In real world applications, to take strategic decisions, Data Mining techniques

are used to discover hidden and unknown knowledge from databases. One of

the basic examples is super market.DM techniques are used to identify the pair

of products that are frequently purchased for market promotion. The important

two fundamental tasks are Frequent Itemset Mining and Association Rule

Mining (ARM) [4]. Frequent Itemset Mining is a technique is used to find a pair

of itemsets whose occurrence is more than a given threshold. FIM helps in

finding the hidden associations among the itemsets in database. The basic

algorithms of FIM use candidate generation strategy to find the possible

frequent itemsets and database scan to result the frequent itemsets. Many

extensions have been proposed to carry out the mining process. One of the

extensions is pattern-growth approach[6], it takes two database scans to

discover frequent itemsets without generating candidate itemsets. To address the

issue of low interested patterns, Constraint-based pattern mining algorithms [13]

are introduced. Although traditional FIM algorithms are so popular, it can be

used to reveal knowledge in binary kind of databases, where the itemset is

present or not. An alternative is Quantitative Association rule mining proposed

and extensions are also proposed [7].FIM, ARM and QARM are does not

consider whether the itemsets are profitable or not.
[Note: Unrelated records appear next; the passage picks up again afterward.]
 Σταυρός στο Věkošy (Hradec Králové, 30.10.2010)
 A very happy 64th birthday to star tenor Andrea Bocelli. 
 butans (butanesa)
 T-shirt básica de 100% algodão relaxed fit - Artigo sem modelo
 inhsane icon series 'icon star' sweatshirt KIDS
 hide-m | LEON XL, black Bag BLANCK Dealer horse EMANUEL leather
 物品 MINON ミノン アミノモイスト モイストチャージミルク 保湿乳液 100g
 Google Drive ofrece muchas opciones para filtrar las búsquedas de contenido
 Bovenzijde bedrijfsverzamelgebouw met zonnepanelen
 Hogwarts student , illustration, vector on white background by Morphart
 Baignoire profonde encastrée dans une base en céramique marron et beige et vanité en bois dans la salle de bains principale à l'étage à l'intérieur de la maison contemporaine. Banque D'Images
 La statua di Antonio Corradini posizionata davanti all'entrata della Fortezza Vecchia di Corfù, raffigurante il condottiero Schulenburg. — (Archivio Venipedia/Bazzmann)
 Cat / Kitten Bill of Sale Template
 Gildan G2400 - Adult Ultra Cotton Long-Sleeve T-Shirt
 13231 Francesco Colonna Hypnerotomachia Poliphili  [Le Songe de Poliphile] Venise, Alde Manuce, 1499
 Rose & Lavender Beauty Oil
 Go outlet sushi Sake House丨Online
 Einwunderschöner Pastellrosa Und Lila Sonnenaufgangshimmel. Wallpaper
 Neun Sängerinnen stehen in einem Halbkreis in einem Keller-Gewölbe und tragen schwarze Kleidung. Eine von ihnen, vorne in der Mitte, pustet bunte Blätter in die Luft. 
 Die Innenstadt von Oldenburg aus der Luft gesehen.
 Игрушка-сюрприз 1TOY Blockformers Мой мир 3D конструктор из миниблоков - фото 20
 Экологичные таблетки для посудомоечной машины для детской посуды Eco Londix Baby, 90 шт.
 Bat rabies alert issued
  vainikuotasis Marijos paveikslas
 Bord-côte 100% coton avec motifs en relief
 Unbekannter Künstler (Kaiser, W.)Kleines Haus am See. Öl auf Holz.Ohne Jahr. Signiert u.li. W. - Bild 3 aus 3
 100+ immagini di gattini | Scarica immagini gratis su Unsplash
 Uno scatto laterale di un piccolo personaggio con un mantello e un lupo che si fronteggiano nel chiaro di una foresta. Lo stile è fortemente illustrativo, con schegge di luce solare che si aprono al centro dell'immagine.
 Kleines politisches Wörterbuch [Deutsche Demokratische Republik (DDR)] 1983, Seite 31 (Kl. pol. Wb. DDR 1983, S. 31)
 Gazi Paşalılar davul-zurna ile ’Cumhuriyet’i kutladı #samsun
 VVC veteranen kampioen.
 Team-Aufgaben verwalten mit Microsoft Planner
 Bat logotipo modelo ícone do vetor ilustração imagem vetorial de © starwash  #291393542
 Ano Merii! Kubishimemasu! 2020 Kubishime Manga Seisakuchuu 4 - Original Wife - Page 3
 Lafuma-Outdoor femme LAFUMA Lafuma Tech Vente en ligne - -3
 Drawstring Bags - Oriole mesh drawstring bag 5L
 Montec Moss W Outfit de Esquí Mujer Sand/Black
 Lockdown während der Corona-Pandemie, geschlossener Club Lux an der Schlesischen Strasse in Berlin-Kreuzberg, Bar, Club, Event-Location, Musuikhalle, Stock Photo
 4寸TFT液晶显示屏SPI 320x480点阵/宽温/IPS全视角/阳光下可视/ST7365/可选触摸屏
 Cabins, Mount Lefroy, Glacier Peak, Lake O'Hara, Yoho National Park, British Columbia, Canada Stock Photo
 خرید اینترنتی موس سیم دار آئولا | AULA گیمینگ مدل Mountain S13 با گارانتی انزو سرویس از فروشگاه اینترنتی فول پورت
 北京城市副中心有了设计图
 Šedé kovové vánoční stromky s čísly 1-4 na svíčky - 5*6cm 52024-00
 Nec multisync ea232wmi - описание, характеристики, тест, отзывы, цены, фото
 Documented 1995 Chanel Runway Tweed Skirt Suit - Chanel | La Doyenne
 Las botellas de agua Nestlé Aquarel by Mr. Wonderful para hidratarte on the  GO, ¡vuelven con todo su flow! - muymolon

Some of the limitations of

FIM are, FPM algorithms successfully extract patterns from transactional

databases, and they consider attribute frequency known to be one. But a real

time application considers more than one attribute and the order among the

items.FPM techniques uses support based framework to derive frequent

patterns.

However the value of the pattern is important to the organization which is not

derived in FPM. For example, FIM based algorithms may miss the more

profitable products diamonds, cars which are rare but gives more profit.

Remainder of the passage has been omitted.